В Токио только что закончилась конференция государств так называемой Великой Восточной Азии. Премьер Тодзё был на верху блаженства. После конференции начались различные церемонии и торжества, высочайшие аудиенции, выступления по радио. Казалось, Япония и впрямь сделалась столпом освобождения Восточной Азии.
Другая же, оборотная сторона медали была такова: американские войска высадились на островах архипелага Гилберта; гарнизоны этих островов вели жестокие, неравные бои с противником. Оборонительные бои на острове Бугенвиль приняли безнадежный характер. Угроза нависла над Рабаулом.
Немецкие войска уходили из городов Италии, на Восточном фронте терпели поражение за поражением. Берлин почти ежедневно подвергался воздушным налетам. Боевая мощь держав «оси» была исчерпана до предела, войска Объединенных Наций добились перевеса на всех фронтах. Уже отчетливо виднелся конец войны. Но главари японского правительства и информационные службы армии пытались закрыть глаза на неотвратимо надвигающуюся развязку.

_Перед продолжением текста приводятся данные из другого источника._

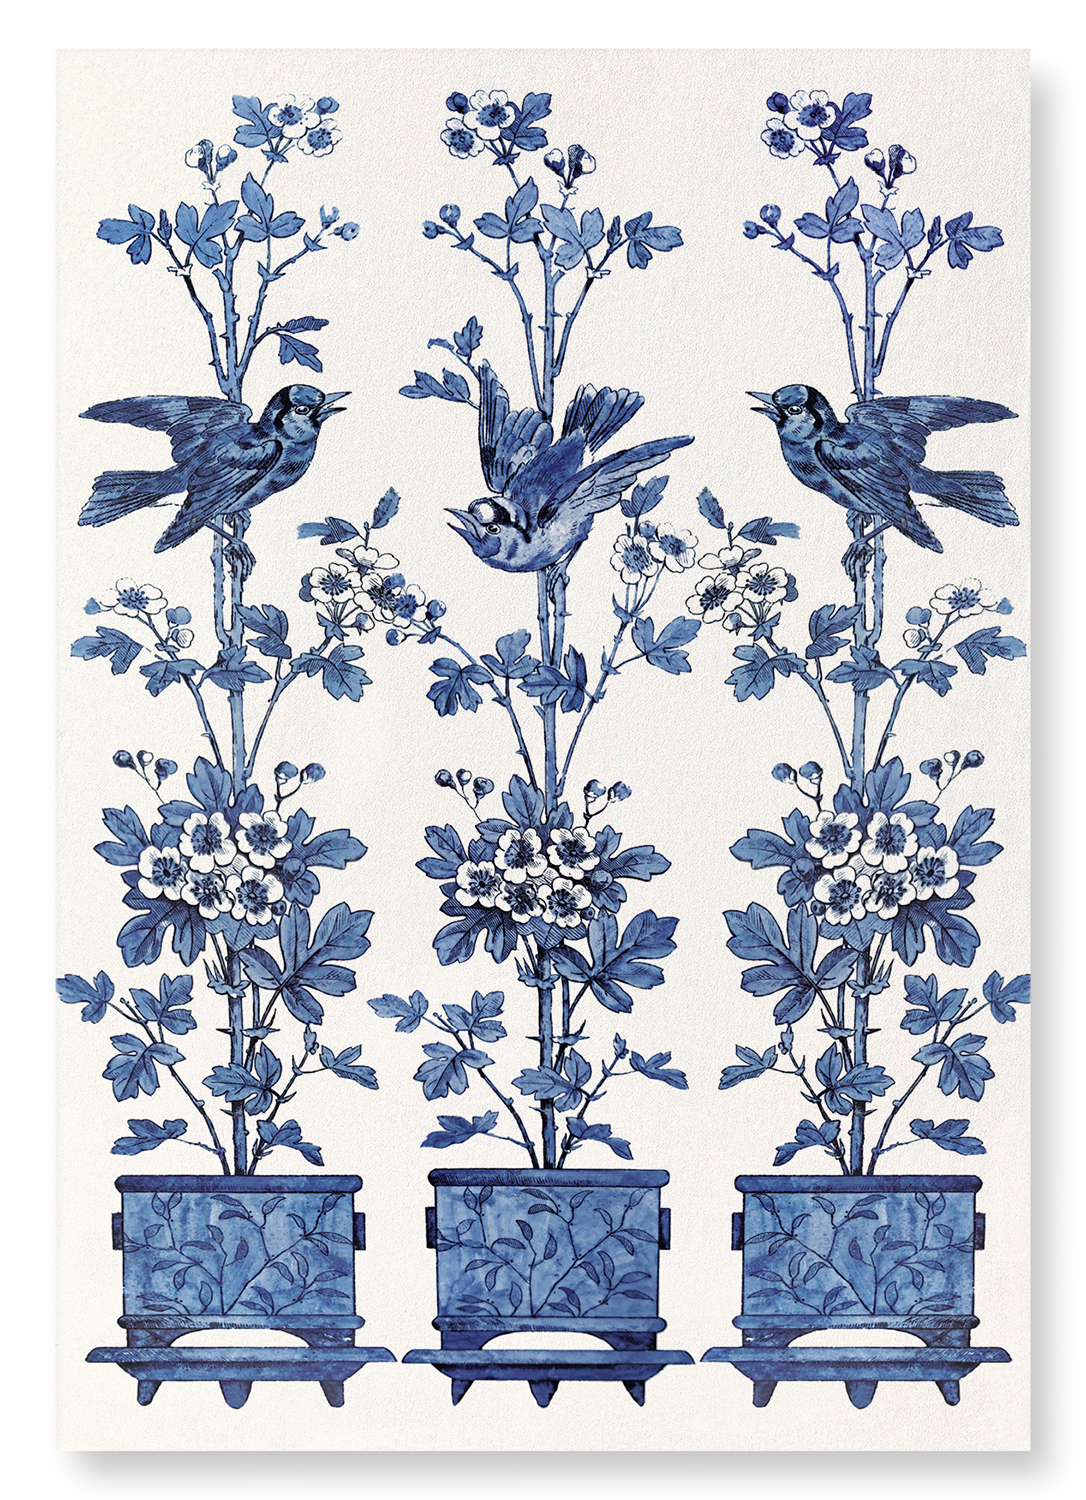 MINTON TILES BIRDS AND FLOWERS (LATE 19TH C.): Painting Art Print
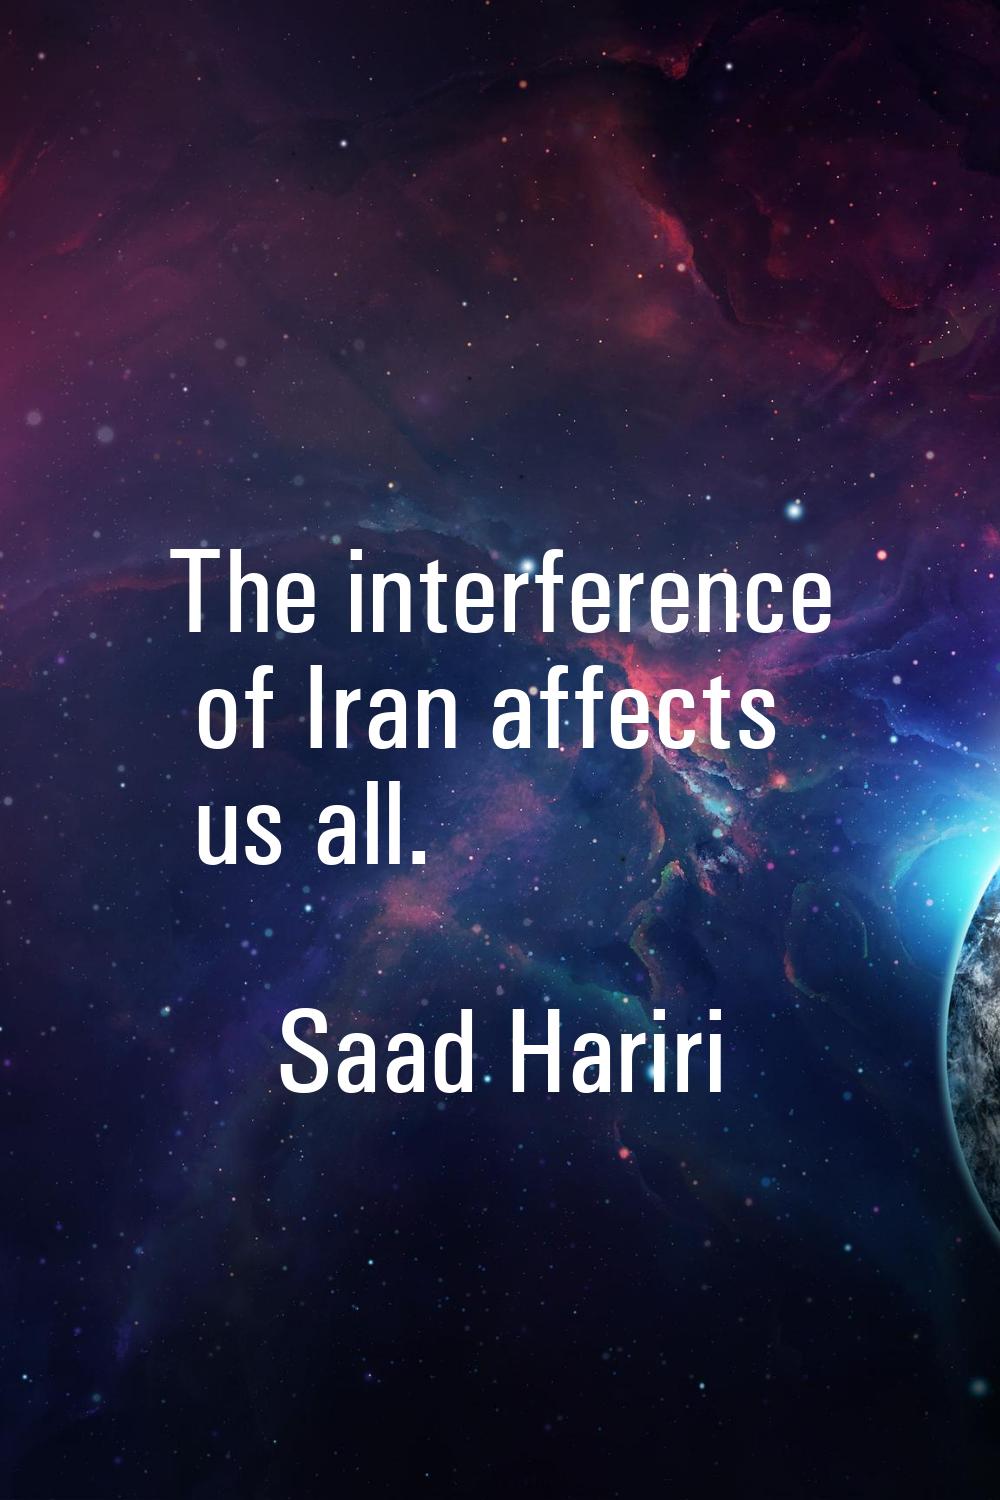 The interference of Iran affects us all.

Конференция государств Великой Восточной Азии была не более чем пустым политическим актом, своего рода вращением на холостом ходу. И пропаганда Общества помощи трону, и полицейские репрессии, и правительственные указы об «упорядочении предприятий», о трудовой повинности — все это было так же бесплодно. Вся жизнь Японии вращалась на холостом ходу... И Сэцуо Киёхара невольно подумал, что его собственные усилия в эти последние дни были такими же пустыми, бесполезными, как и все, что совершалось в политической жизни Японии. Когда государство катится к гибели, не во власти одиночки предотвратить эту гибель.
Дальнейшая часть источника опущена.